REVIEW: Ether: a brief theological introduction, Rosalynde Frandsen Welch

Updated: Feb 5, 2022



The book of Ether strikes me as a microcosm of The Book of Mormon as a whole, detailing the rise and fall of a civilization in one short book in a way that echoes and mirrors the tragedy of the Nephites that concerns the entire text. Rosalynde Frandsen Welch’s Ether: a brief theological introduction illuminates some of the complexity of the book of Ether, shedding light on how it may help us better read the Book of Mormon as a whole.


Rosalynde describes the experience of reading Ether beautifully, writing:


“Reading the book of Ether is more like hiking into a desert gorge, where band upon band of earth shows its own shade and texture beneath the high desert floor, whispering of massive dislocations in the past and future. The deeper we descend into book and canyon, the better we see how each successive layer—of rocky soil or of prophetic mind—refashions what came before and supports what comes next. We learn to read history’s changes on the stone walls” (56-57).

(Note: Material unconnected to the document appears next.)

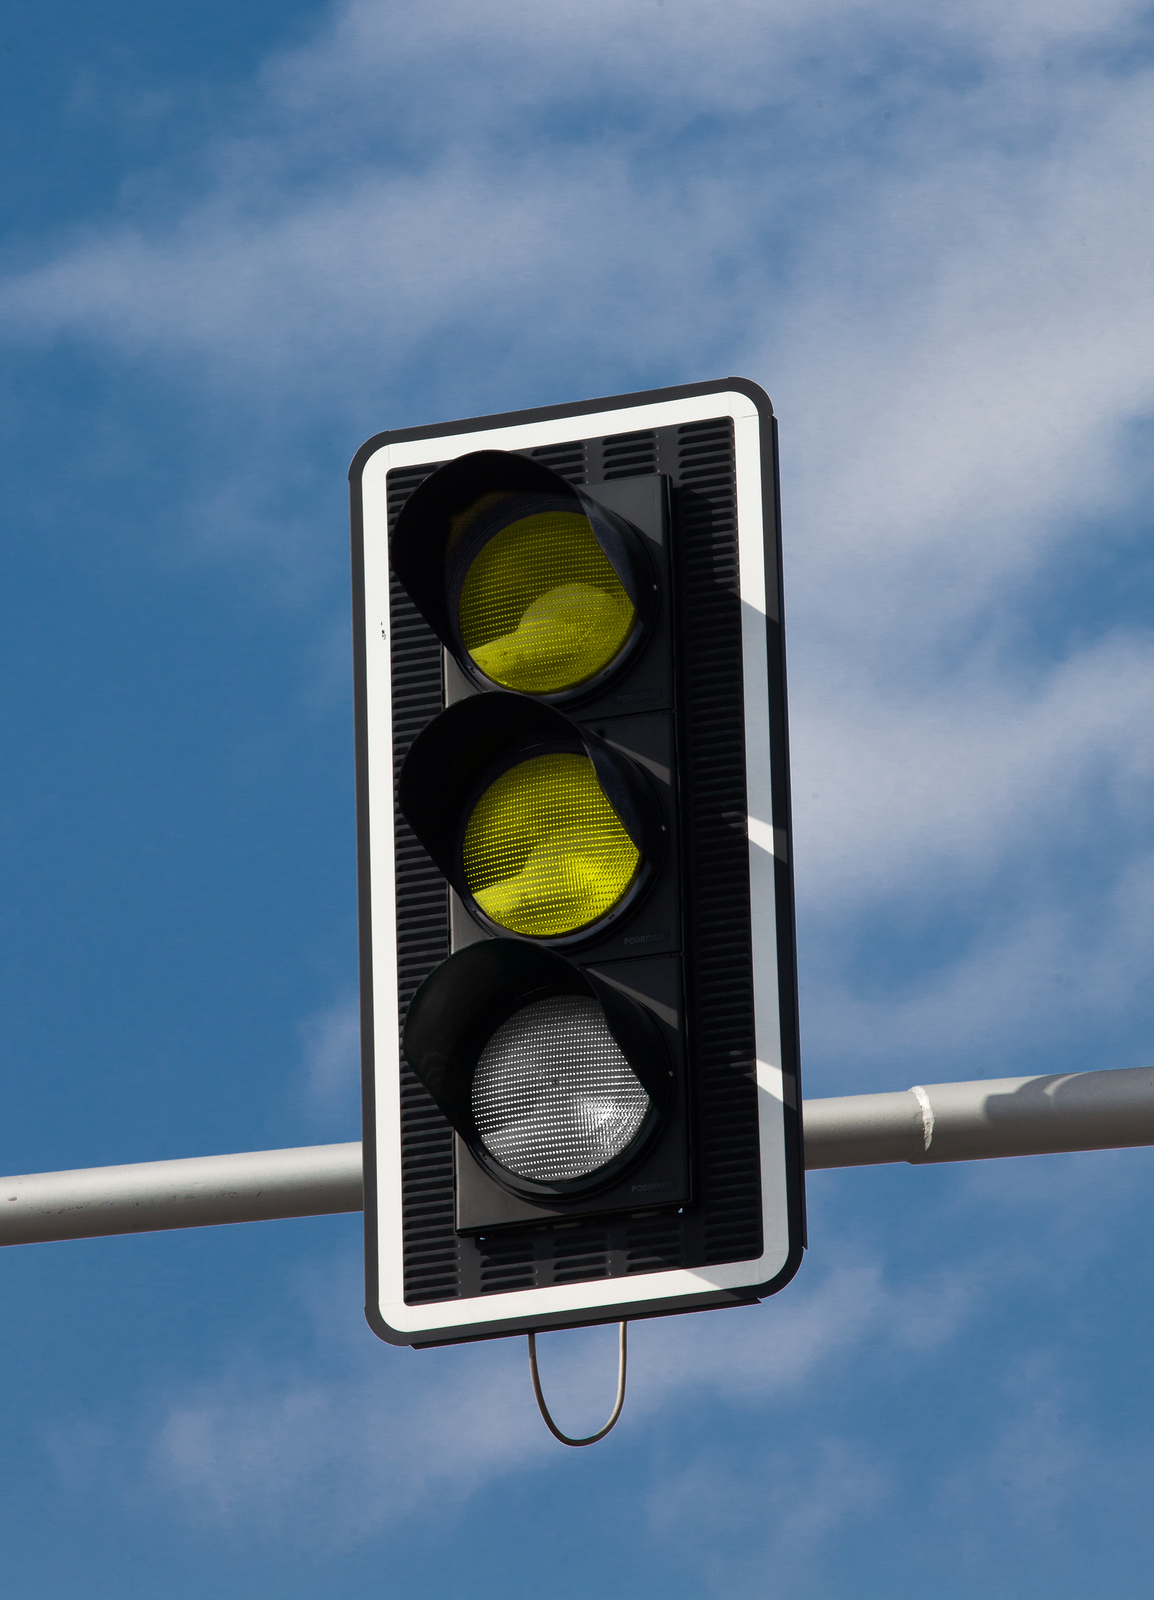 Zdjęcie 2: Światła uliczne - dwa żółte

I love this image! Rosalynde does great work throughout the book to dig into this image and the implications of it (doing work that has strong resonances with Sam Brown’s In Heaven as It is on Earth: Joseph Smith and the Early Mormon Conquest of Death). Rosalynde helps push one way that we can read and think about this image by arguing that “In the Nephite tradition that Moroni inherits, this image of a layered landscape littered with ruined remains is linked with scripture” (57).


Thinking about scripture as a “layered landscape littered with ruined remains” is powerful and transformative. To engage with scripture responsibly then, we must do some sort of archeological work, building worlds and contexts for the ruins that we encountered, constantly confronted with the incompleteness of what we have. I think that this recognition can help us read far more charitably and productively, approaching scripture with an eye towards curiosity and collaboration.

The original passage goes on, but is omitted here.